Aside from EV's seemingly having a neutral or worse "co2 displacement law", so does the lifetime co2 footprint of solar panels according to this study.
D5YsfwZVUAA-Q6N.png


As time goes on, and IMO on a pretty short timeline basis, the energy required and the co2 emissions will only continue to go up as the most easily mined raw metal ore deposits get used up.
 
Hillhater said:
No, capitalism still drives those areas, those agencies simply provide regulatory control over those areas, within a capitalist organisations.
Ding ding ding! And the same thing will happen with renewable energy. Governments will provide requirements and regulations to ensure a smooth phase-in of renewable energy. No "socialist society."
You are still confusing anything providing a social benefit , with a a socialist agenda.
And you are trying to scare people by labeling anything renewable with the term "socialist agenda." It's not working. From a Politico article:
==============
Republicans could have a Green New Deal problem
Polling suggests that the GOP risks turning off younger voters en masse by portraying the climate change plan as a socialist fantasy.

ZACK COLMAN 05/03/2019 05:04 AM EDT

The GOP is seizing on the "Green New Deal" to demonize vulnerable Democrats in 2020 — but some Republicans warn it could do long-term damage to the party.

Though Republicans have ignored climate change in past elections, it’s now a key part of their 2020 strategy, especially in House races. They’re hoping to define the Green New Deal as an expensive socialist gambit dreamed up by liberal superstar Alexandria Ocasio-Cortez that will ban cows and planes. Though mostly inaccurate, it's a portrayal they believe will scare independent voters in key districts.

But the move could come at a cost: The near- and long-term loss of millennials and Generation Z voters, a growing slice of the electorate that wants federal climate change action to a greater degree than their elders.
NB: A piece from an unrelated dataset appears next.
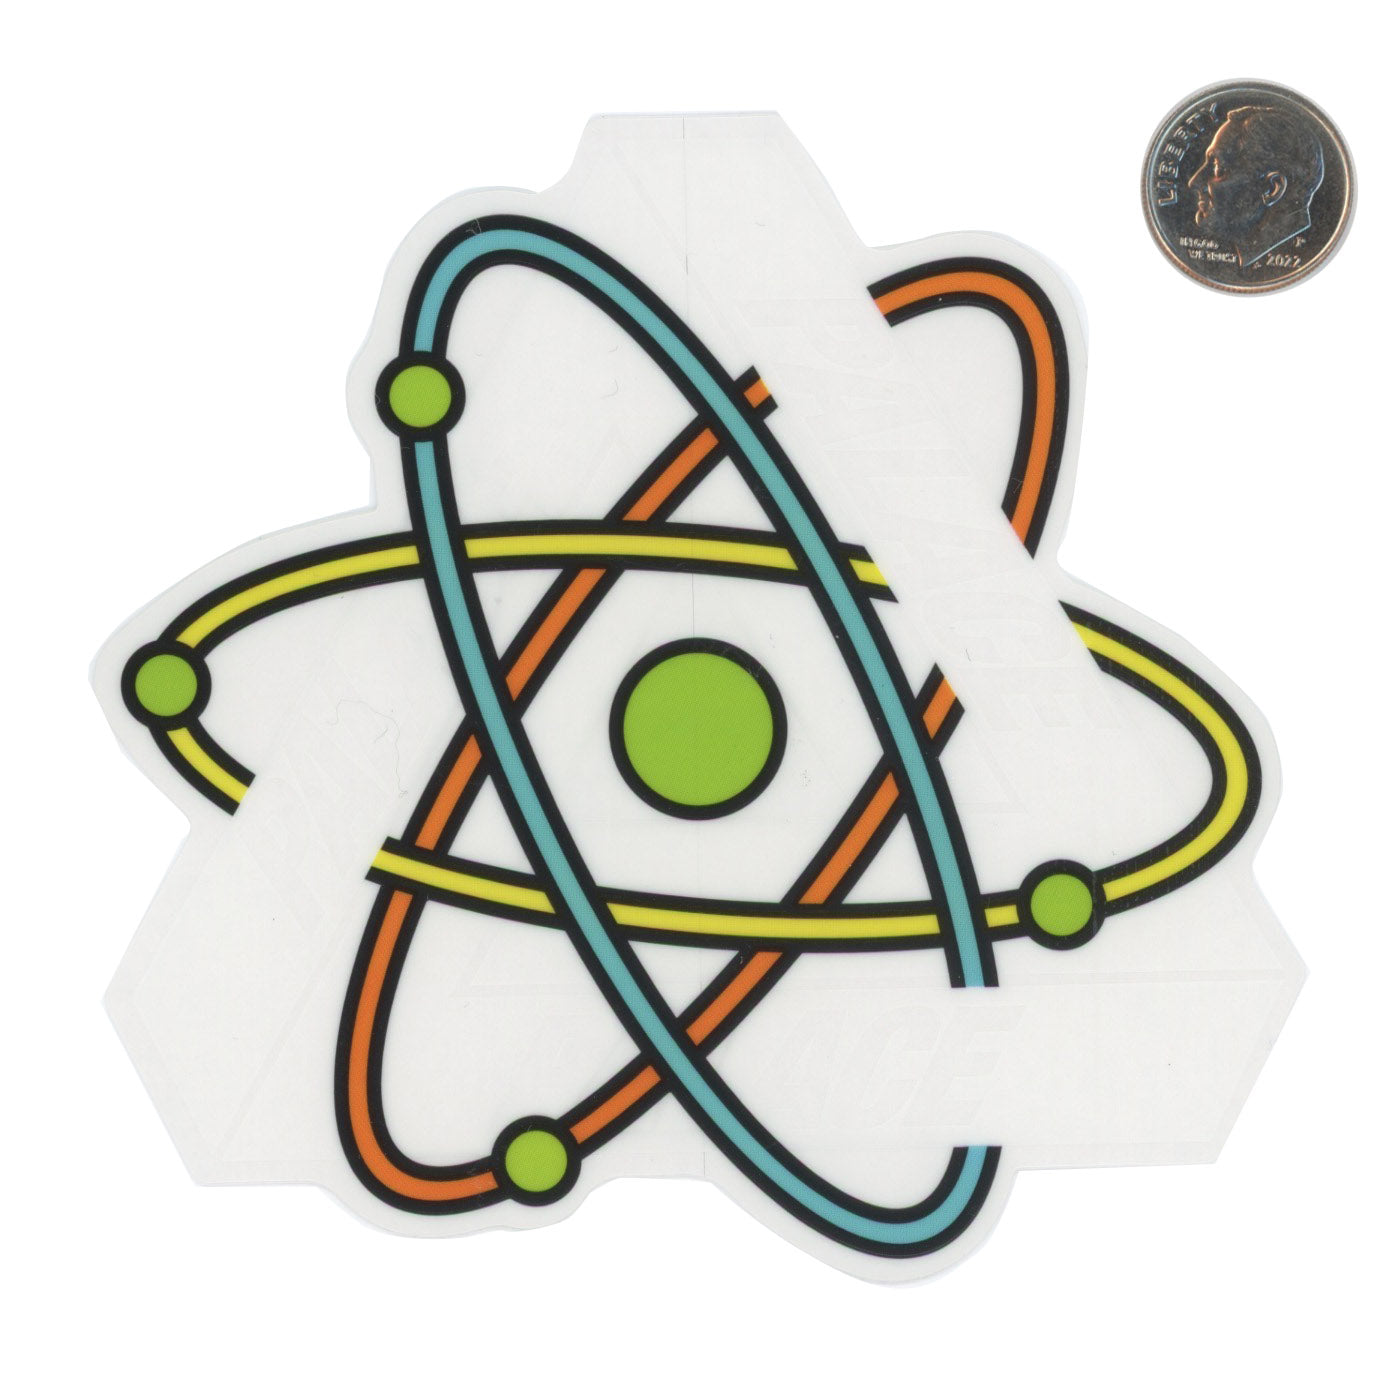 The Palace Molecule Structure Sticker with dime

A recent Harvard Kennedy School Institute of Politics survey found 74 percent of likely general election voters under 30 disapprove of President Donald Trump’s climate change performance and 50 percent call climate change “a crisis” that “demands urgent action.” Another 25 percent called it “a problem.”
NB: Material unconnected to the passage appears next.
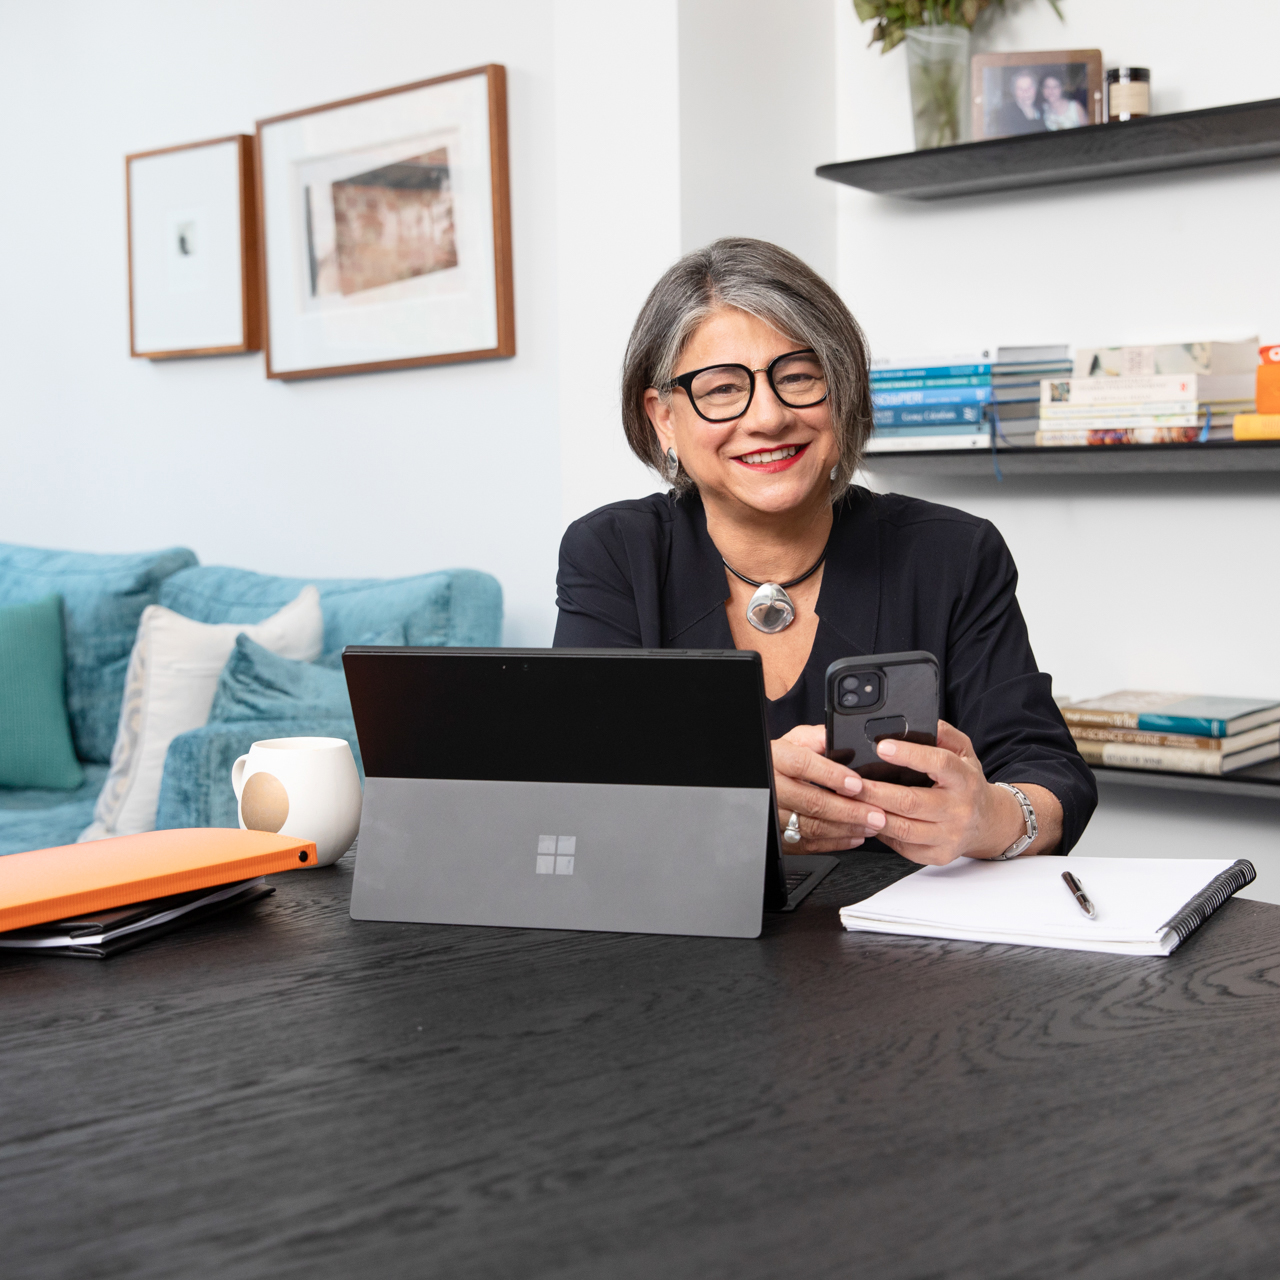 personal branding photo of a female business owner sitting at table with laptop and holding her mobile phone

The data has Republican pollsters and current and former lawmakers warning that relentless mocking of the Green New Deal — but more critically, President Donald Trump’s dismissal of climate change as a hoax — could jeopardize the GOP’s ability to capture and cement a congressional majority. . . .

Former Rep. Carlos Curbelo (R-Fla.), who was defeated in 2018 by a Democrat in a South Florida district dealing with rising sea levels, echoed the warning.

“The energy surrounding the Green New Deal means there are a lot of Americans that want to see Congress take bold action to lower emissions,” Curbelo said. "[Republicans] will alienate younger voters if they criticize without offering an alternative.”
===============================

You need to “get over” your rose tinted vision of a “decarbonised” future and look at the implications of the agenda’s of groups like GND, UN, Get Up, etc etc.
Again, people used exactly the same arguments against the original New Deal, the Nuclear Regulatory Commission, the FAA etc. Cry "WOLF!" enough and people start ignoring you.
 
Cephalotus said:
Most EV use NMC today with the exception of Tesla (NCA) and some Chinese manufacturers (LFP).
Yep.

Nissan Leaf - NMC.
Chrysler Pacifica PHEV - NMC.
Chevy Bolt - NMC. (622 for now, going to 811 soon.)
Chevy Volt PHEV - NMC.
BMW i3 EV - NMC.

That's why most of the talks at IBC 2019 were about NMC formulations.
 
Nickel is mainly used for stainless steel like V2A or V4A.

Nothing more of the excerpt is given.